#### TASK DIRECTIONS:
With the images removed, return every line below exactly as it reads.

#### DATA:
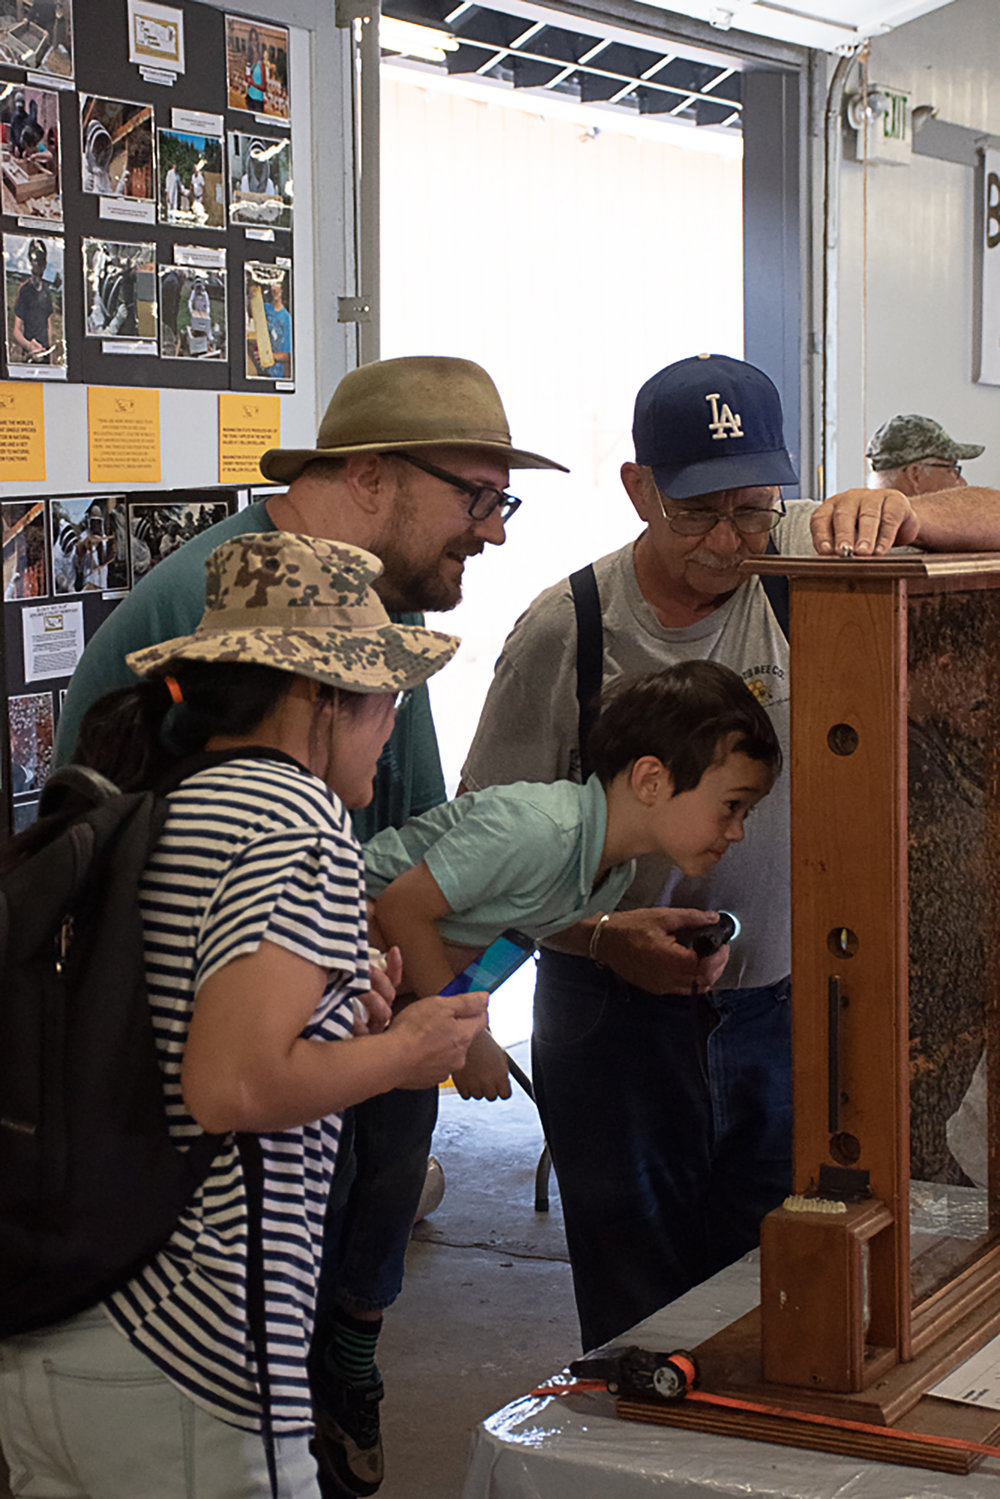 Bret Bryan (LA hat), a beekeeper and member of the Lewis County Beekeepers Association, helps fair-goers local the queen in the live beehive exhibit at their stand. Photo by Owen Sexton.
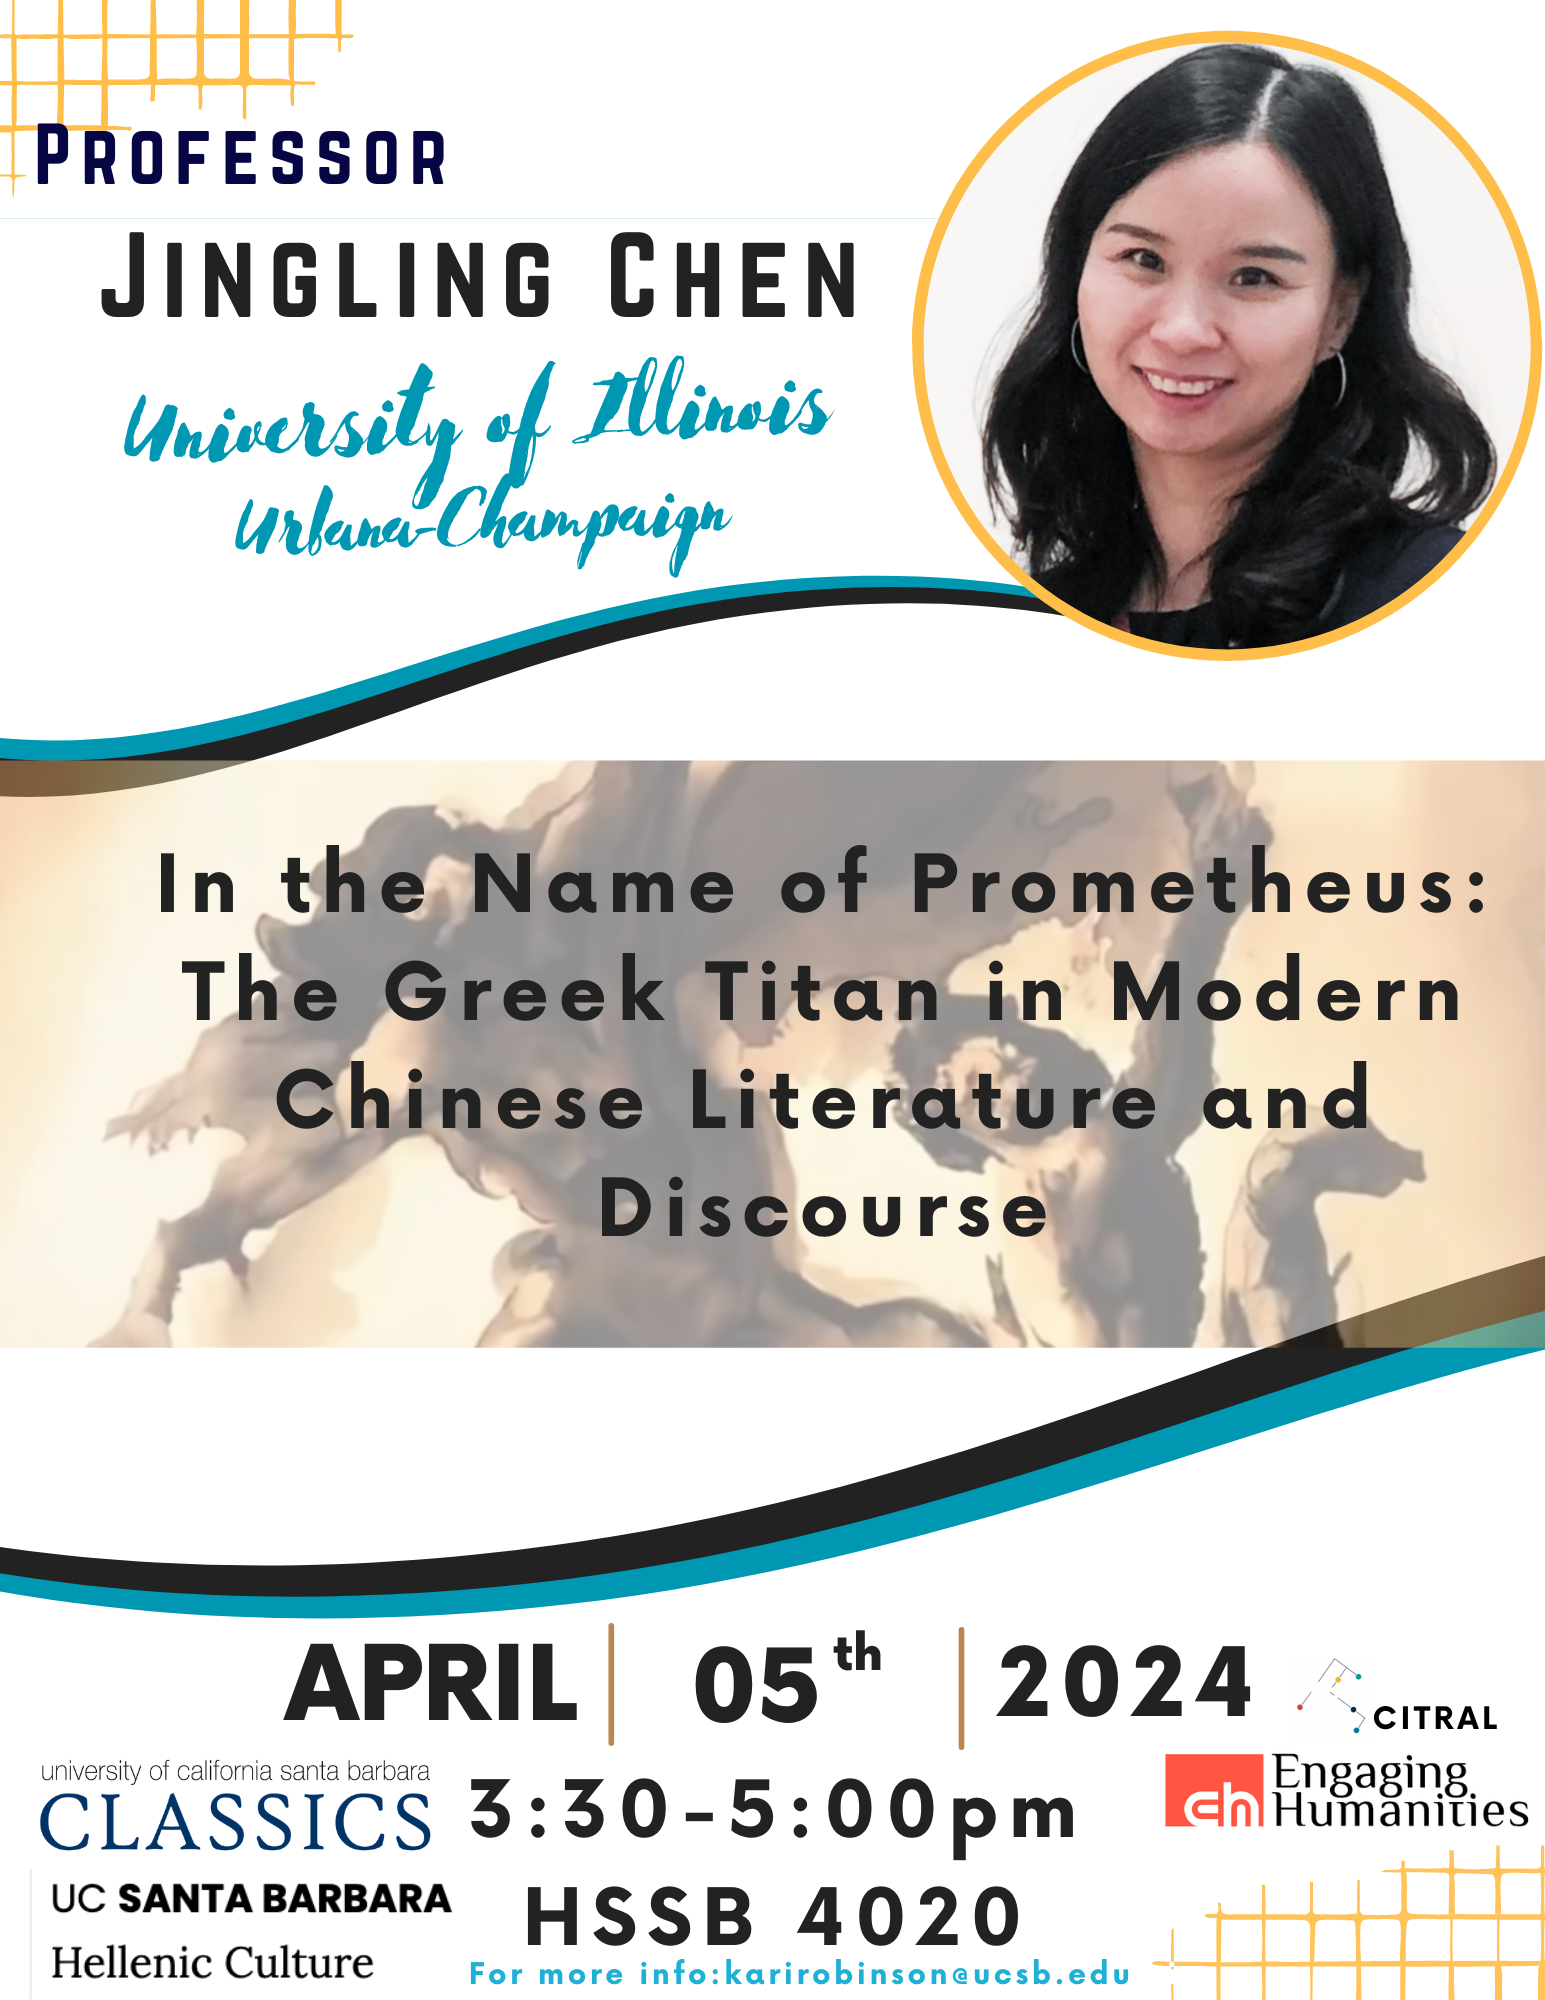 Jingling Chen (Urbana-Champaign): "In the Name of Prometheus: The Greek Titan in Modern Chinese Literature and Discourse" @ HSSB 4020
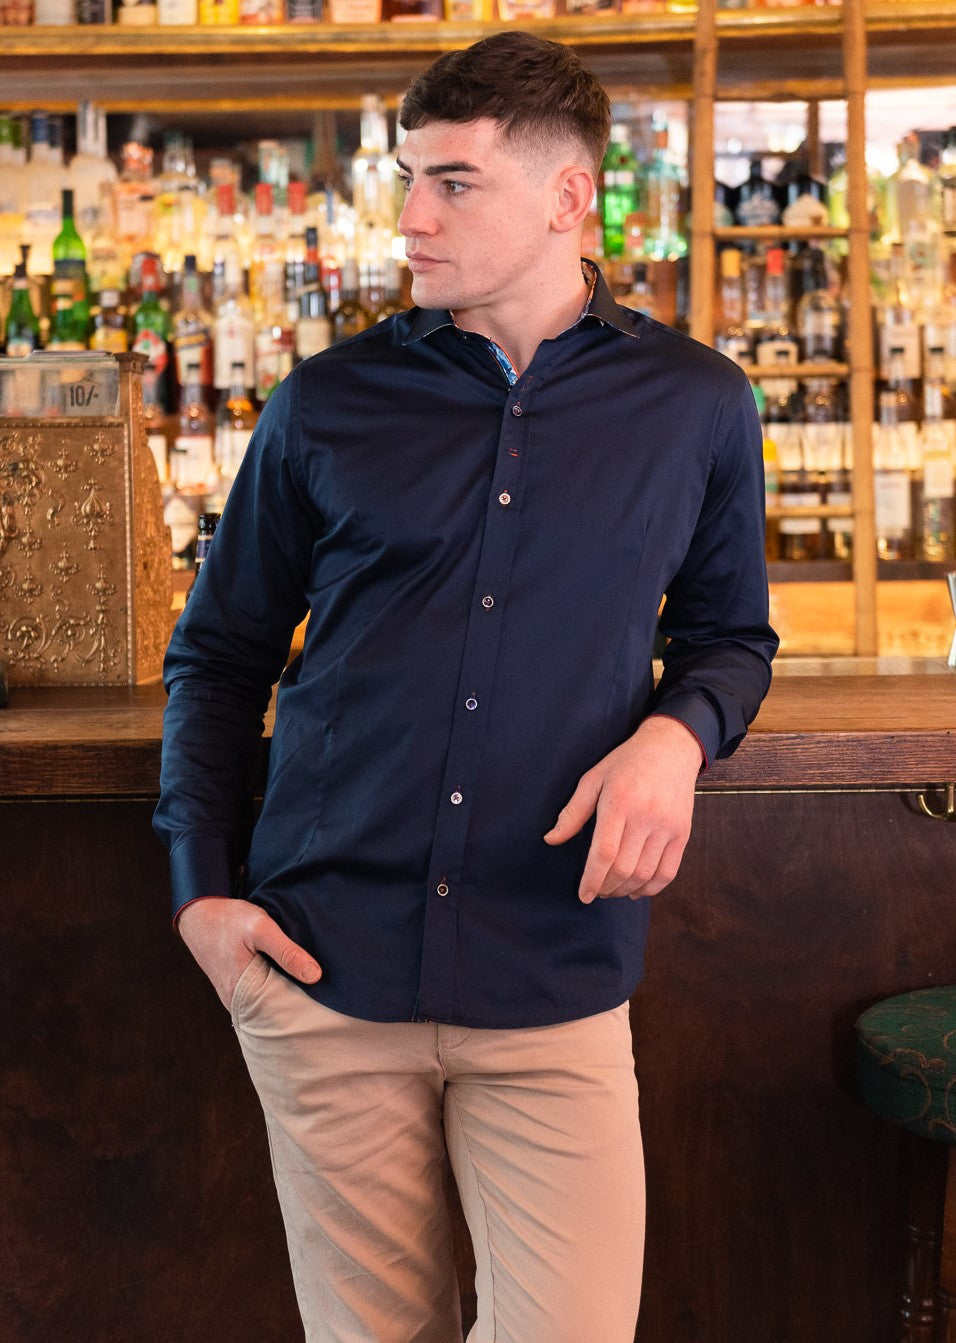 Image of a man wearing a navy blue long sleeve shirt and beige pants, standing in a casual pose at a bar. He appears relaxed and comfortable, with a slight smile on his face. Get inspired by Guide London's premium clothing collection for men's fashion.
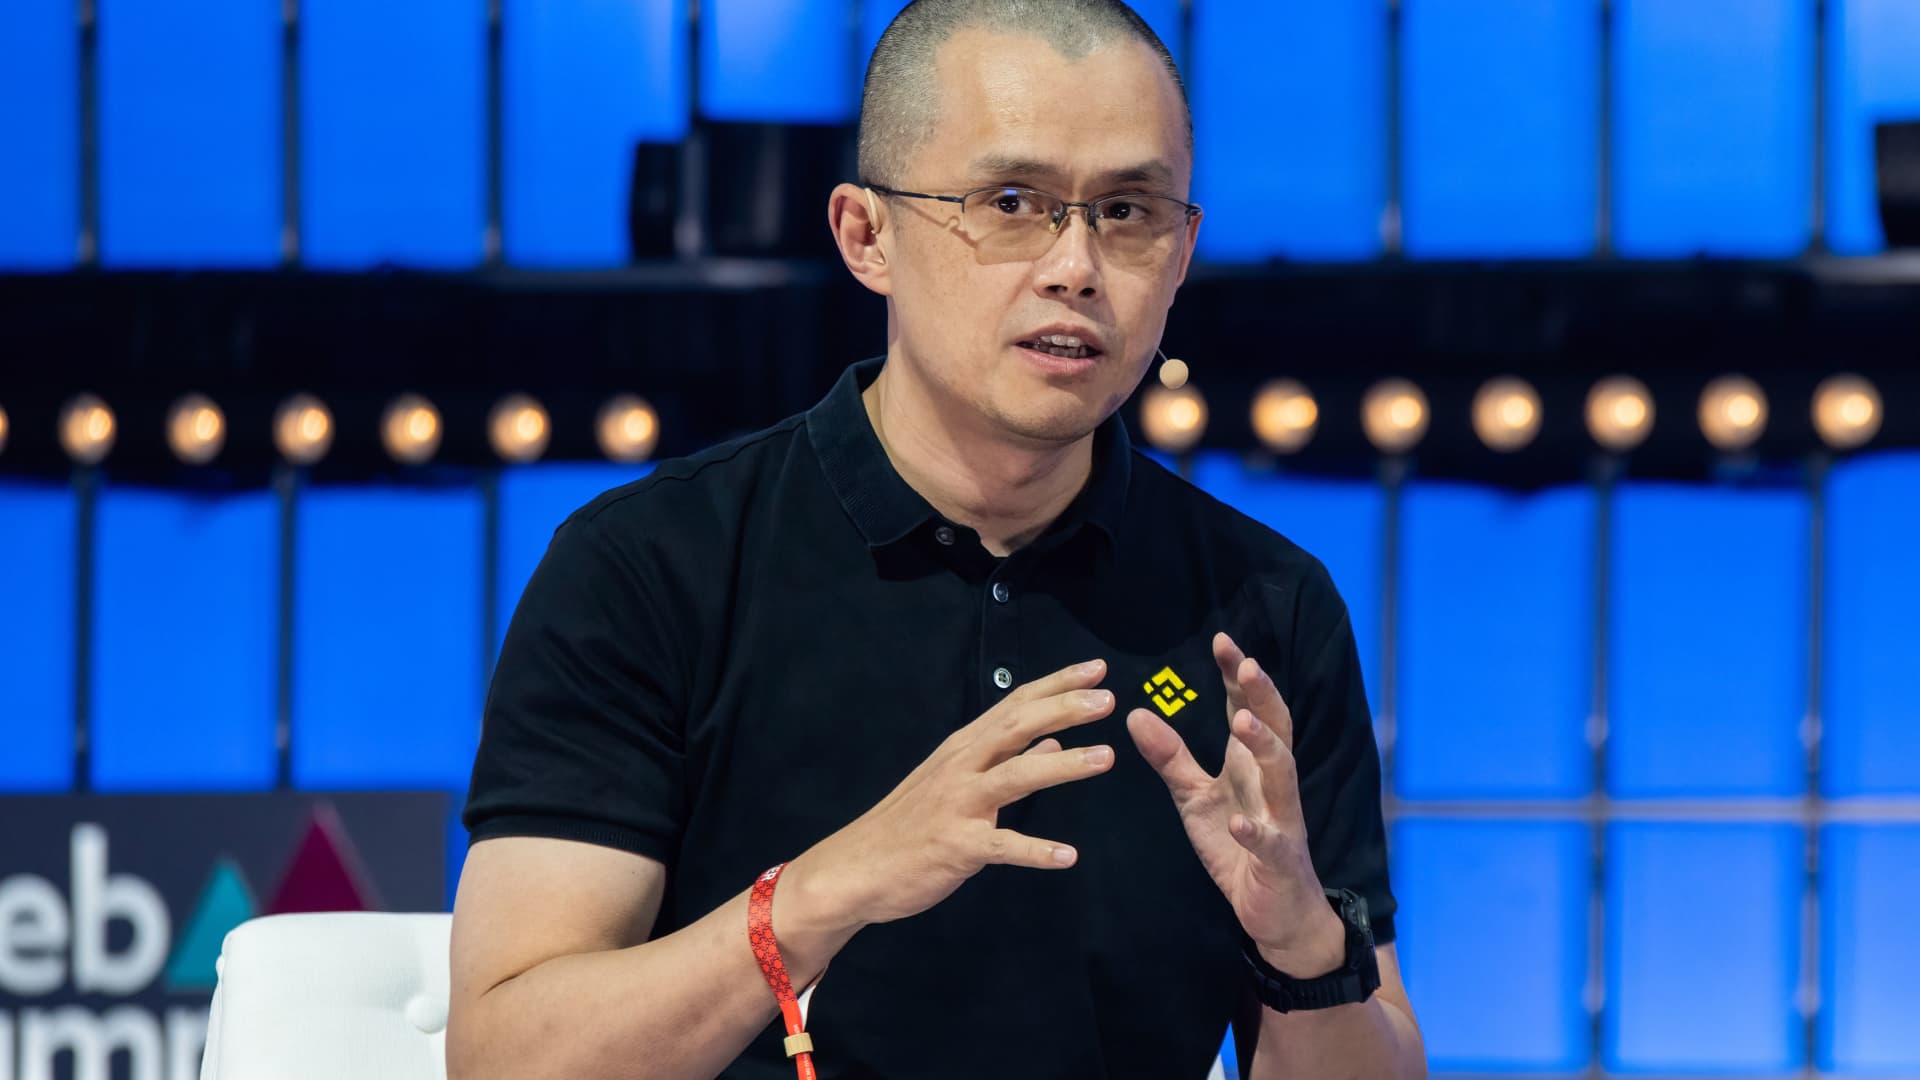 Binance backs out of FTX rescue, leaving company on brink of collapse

#### RESULT FOR THIS EXERCISE:
 Bret Bryan (LA hat), a beekeeper and member of the Lewis County Beekeepers Association, helps fair-goers local the queen in the live beehive exhibit at their stand. Photo by Owen Sexton.
 Jingling Chen (Urbana-Champaign): "In the Name of Prometheus: The Greek Titan in Modern Chinese Literature and Discourse" @ HSSB 4020
 Image of a man wearing a navy blue long sleeve shirt and beige pants, standing in a casual pose at a bar. He appears relaxed and comfortable, with a slight smile on his face. Get inspired by Guide London's premium clothing collection for men's fashion.
 Binance backs out of FTX rescue, leaving company on brink of collapse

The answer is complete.